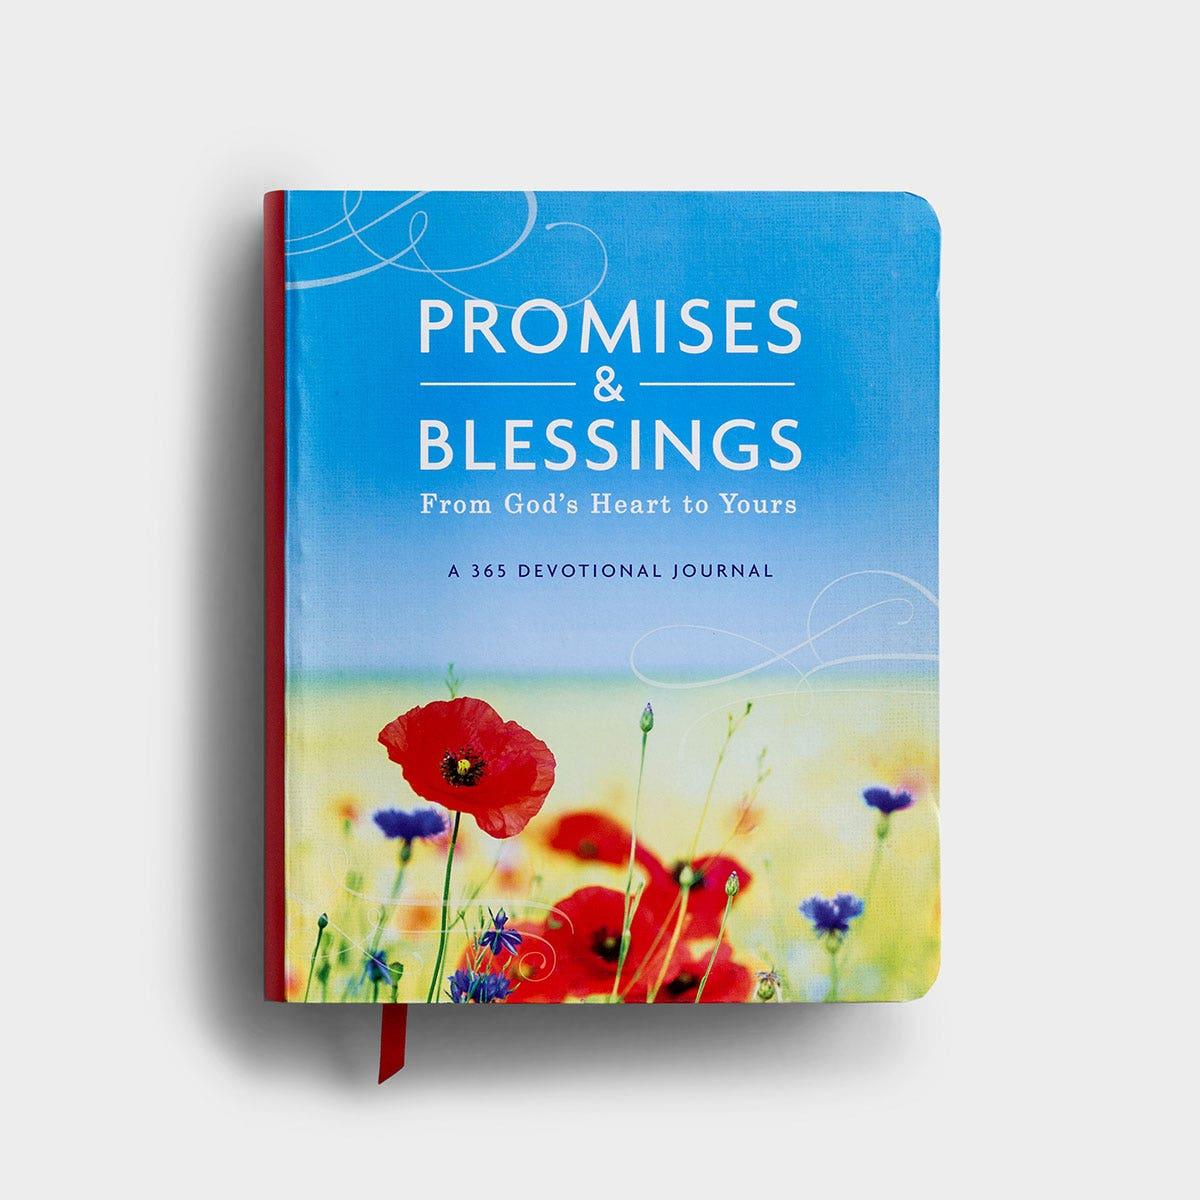 Promises & Blessings - Devotional Journal
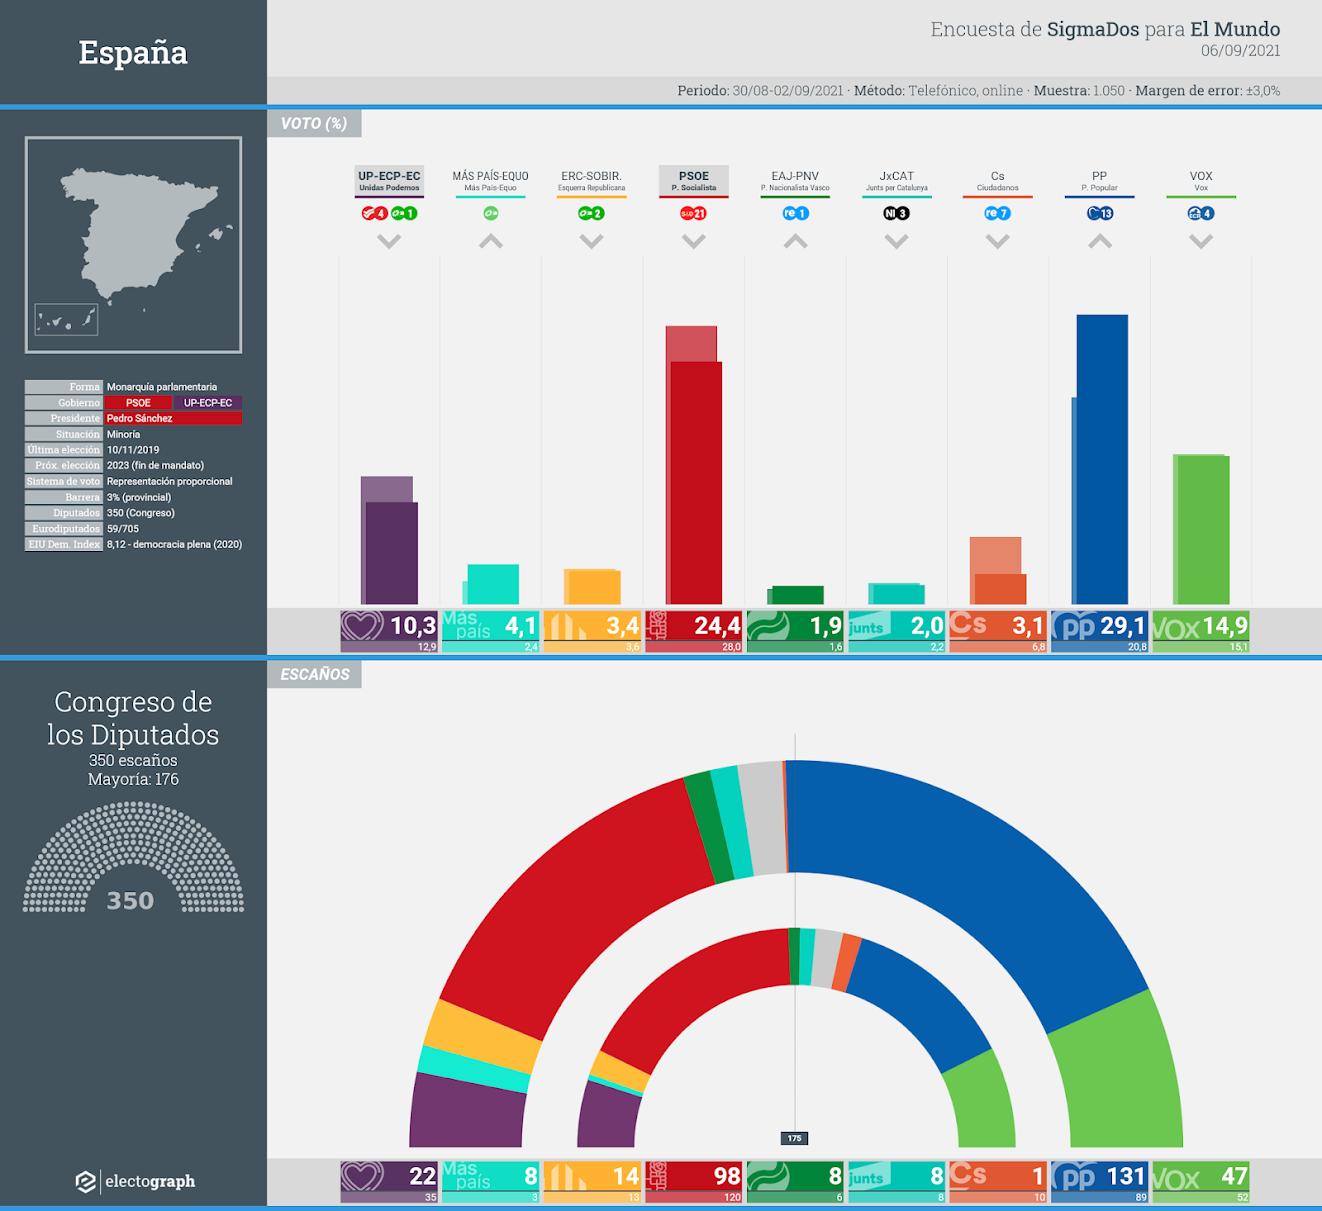 Gráfico de la encuesta para elecciones generales en España realizada por SigmaDos para El Mundo, 6 de septiembre de 2021
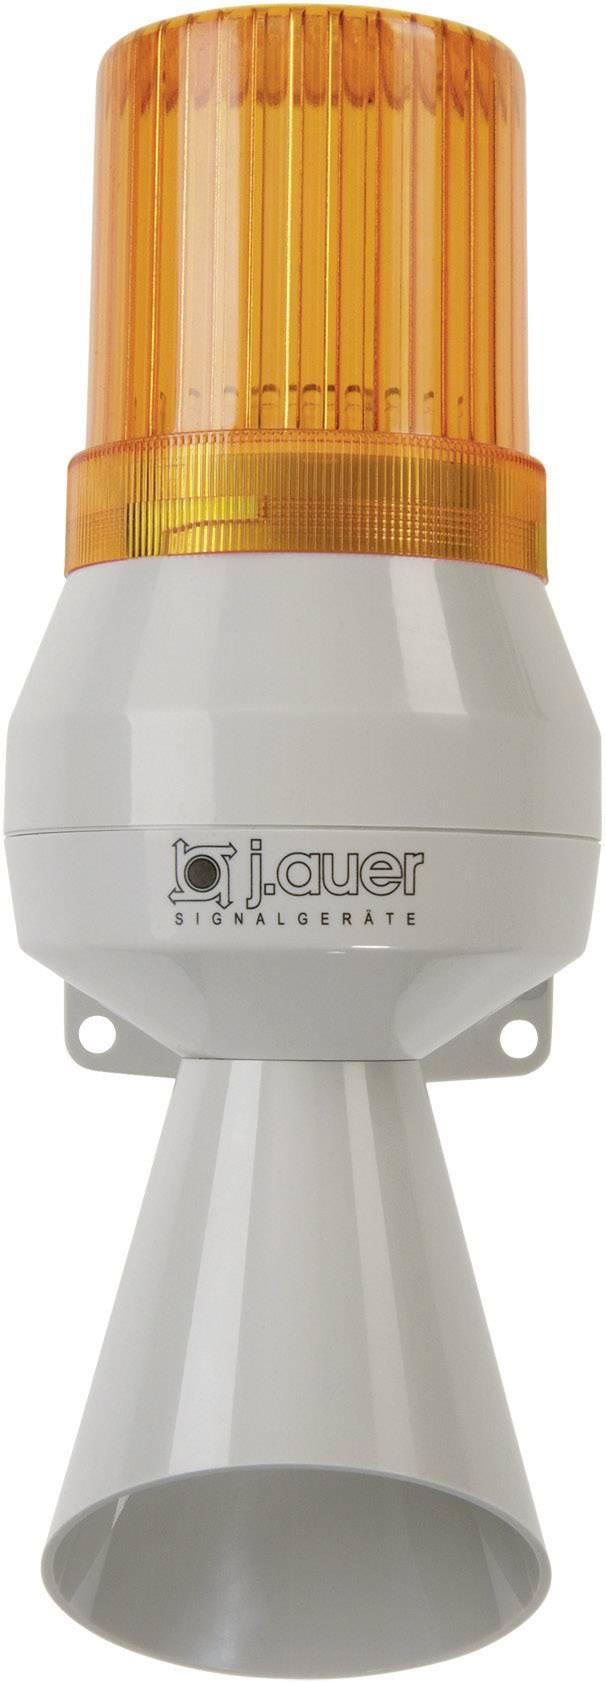 Kombinované signalizační zařízení Auer Signalgeräte KLL, oranžová, trvalé světlo, stálý tón, 24 V/DC
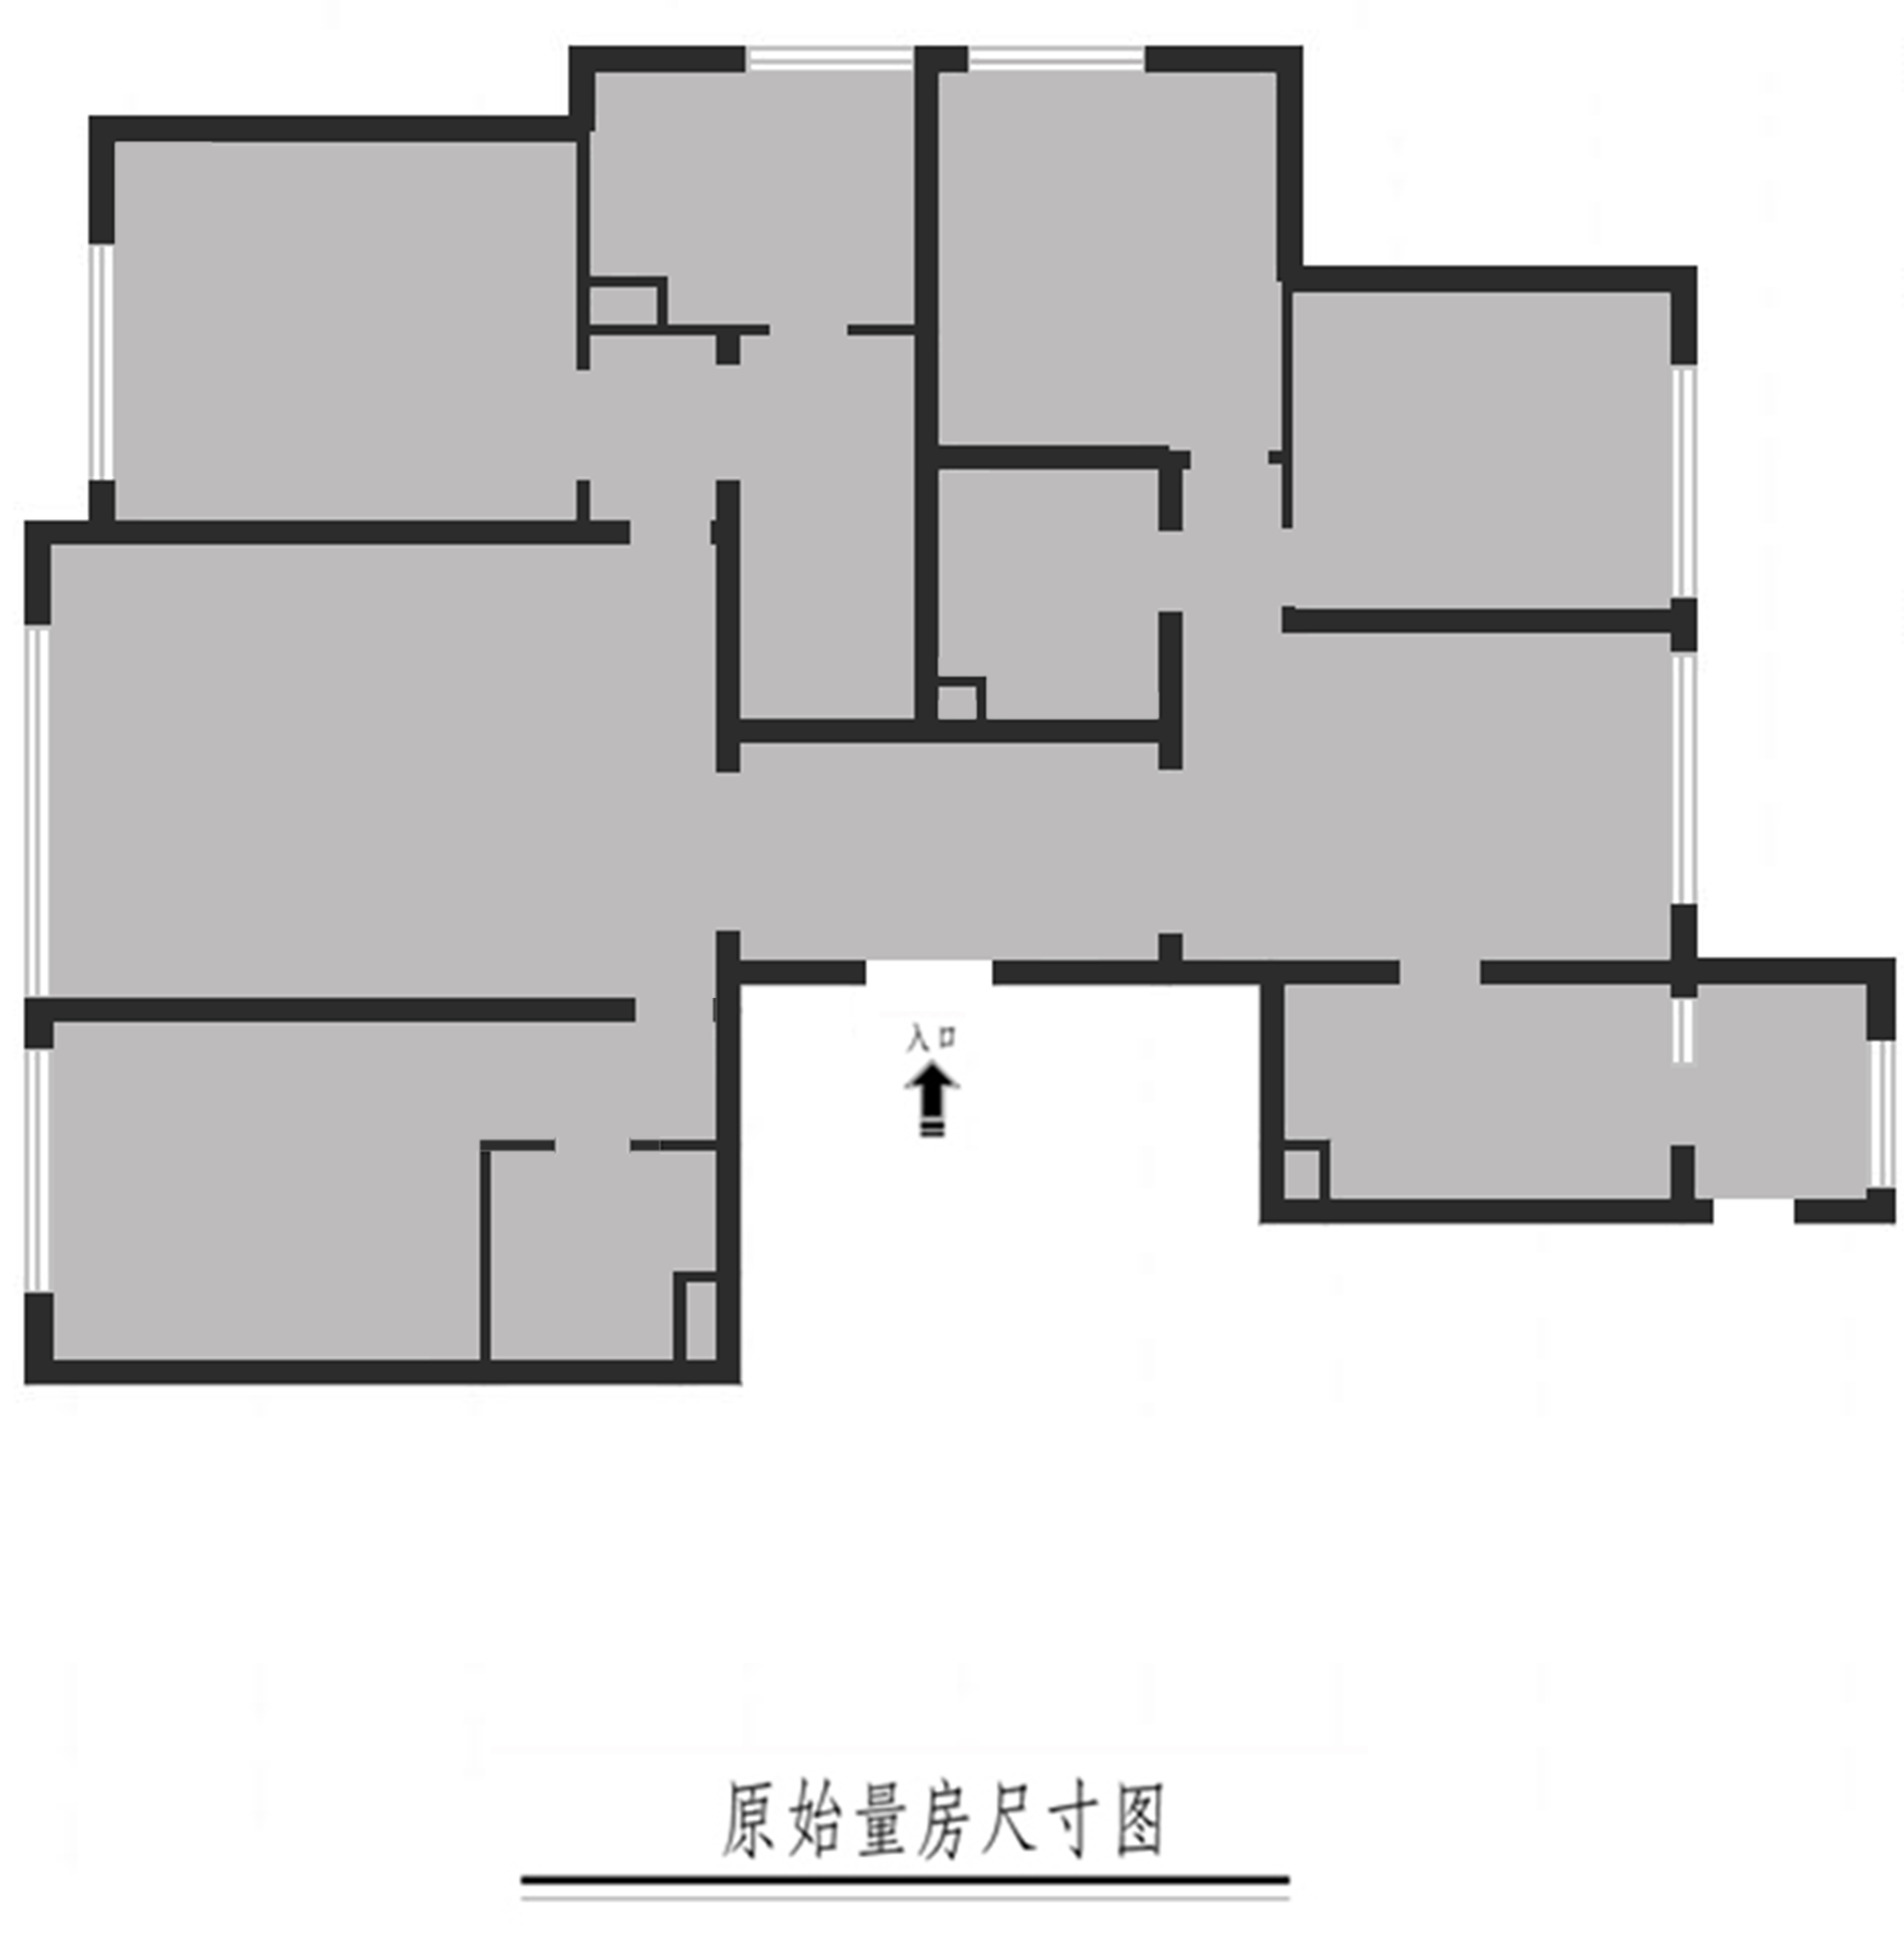 桃源里-现代简约-219平装修设计理念
====
EXERCISE DETAILS: Transcribe all the data word for word; the images stay out.

ANSWER BELOW:
 Promises & Blessings - Devotional Journal
 Gráfico de la encuesta para elecciones generales en España realizada por SigmaDos para El Mundo, 6 de septiembre de 2021
 Kombinované signalizační zařízení Auer Signalgeräte KLL, oranžová, trvalé světlo, stálý tón, 24 V/DC
 桃源里-现代简约-219平装修设计理念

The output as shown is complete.